We've all seen it. We all hate it. When characters, often our own, simply stand there during cutscenes where something bad is happening, when there is absolutely nothing stopping them from intervening.
Now, we also know that the reason we don't get to see our WoL kick people's behinds cinematically is due to budget - there are way too many different jobs, and there'd have to be either one variation for each, or to have us engage in a completely different way (the punch).
However, everyone also knows that you can (often quite easily) simply write around it. Have the characters who aren't going to do anything in a scene either not be there, or be otherwise busy with other threats. It's a key, and very simple skill to have as a writer, especially when dealing with walking nukes.
Stormblood was very guilty of it. Endwalker had few, but egregious moments. And then there is Dawntrail.
I'm not going to mention the MSQ, we've all suffered through it, we all saw how 80% of things only happen because characters are either holding the dumb ball or the inaction ball. I thought I was done giving feedback about 7.0. And then I started doing the Role Quests.
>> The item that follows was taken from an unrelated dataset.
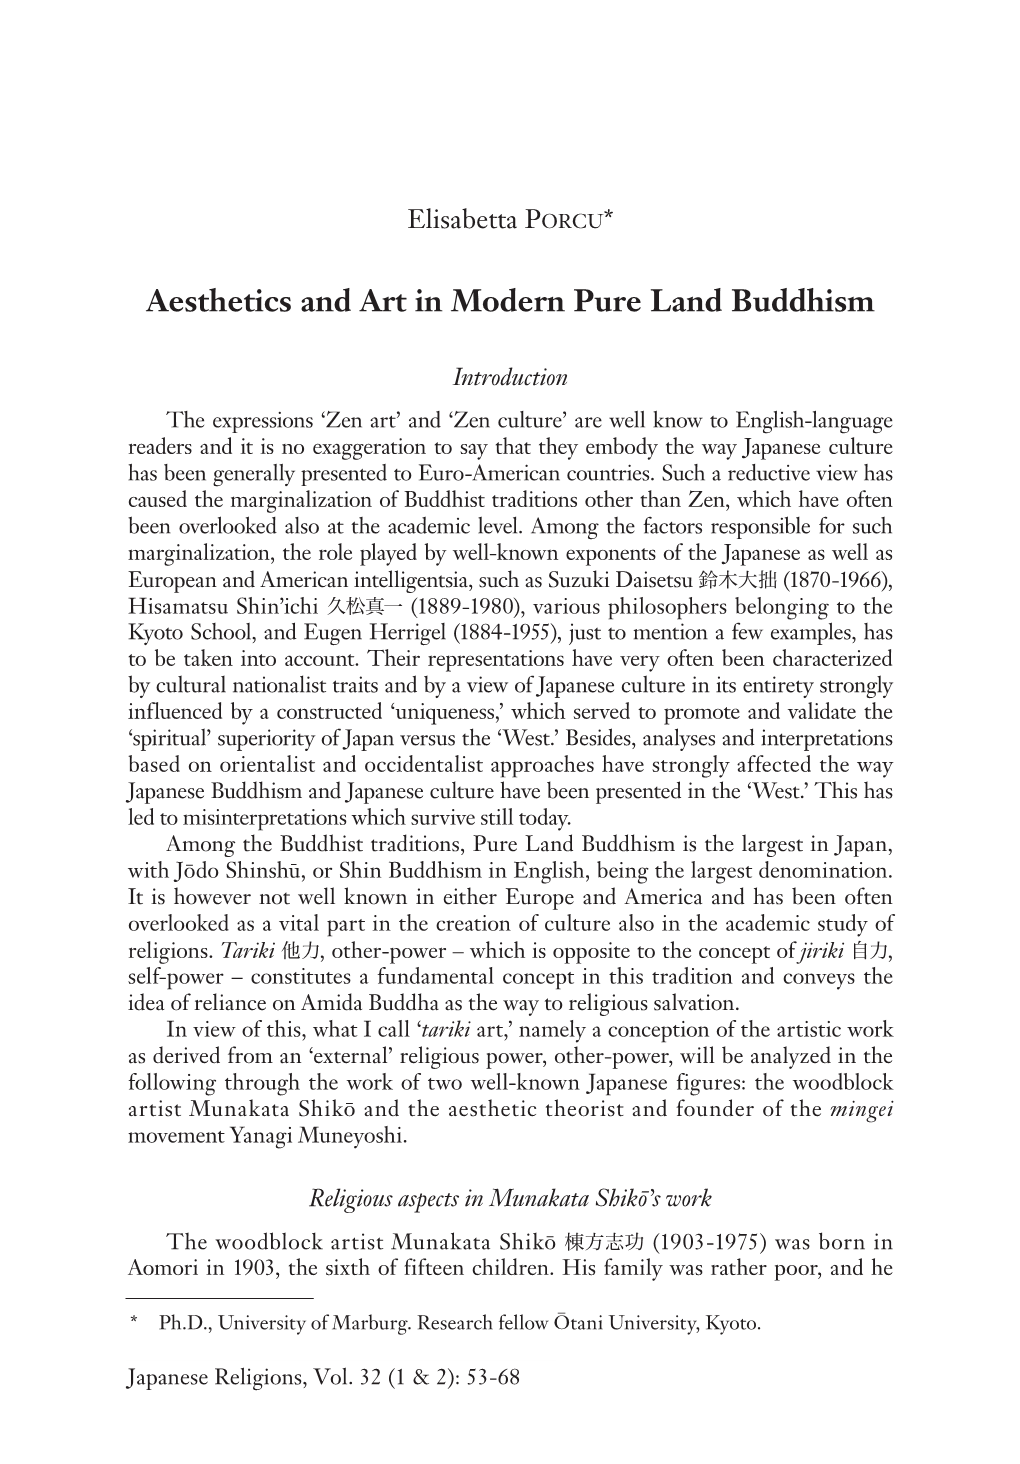 Aesthetics and Art in Modern Pure Land Buddhism

Good gods, it's never been this bad. Putting aside the even lower quality writing than the MSQ (pranks, really? Lighthearted doesn't have to mean juvenile. Please make the writer responsible play through the Hildibrand questline over and over again until they understand that.), almost every single thing that happens in these godforsaken cutscenes is due to no one involved having any initiative whatsoever. There are so many ways to write around this, to keep someone busy or unavailable, and they use not a single one of them.
The Warrior of Light has the Echo. Surely the writers know this? That it's the perfect plot device for us to learn about things that happened when we weren't somewhere? That it is how ARR handles the attack on the Waking Sands, and they didn't even need to because we weren't even walking nukes yet.
Sub-ARR. This is where we've gotten to.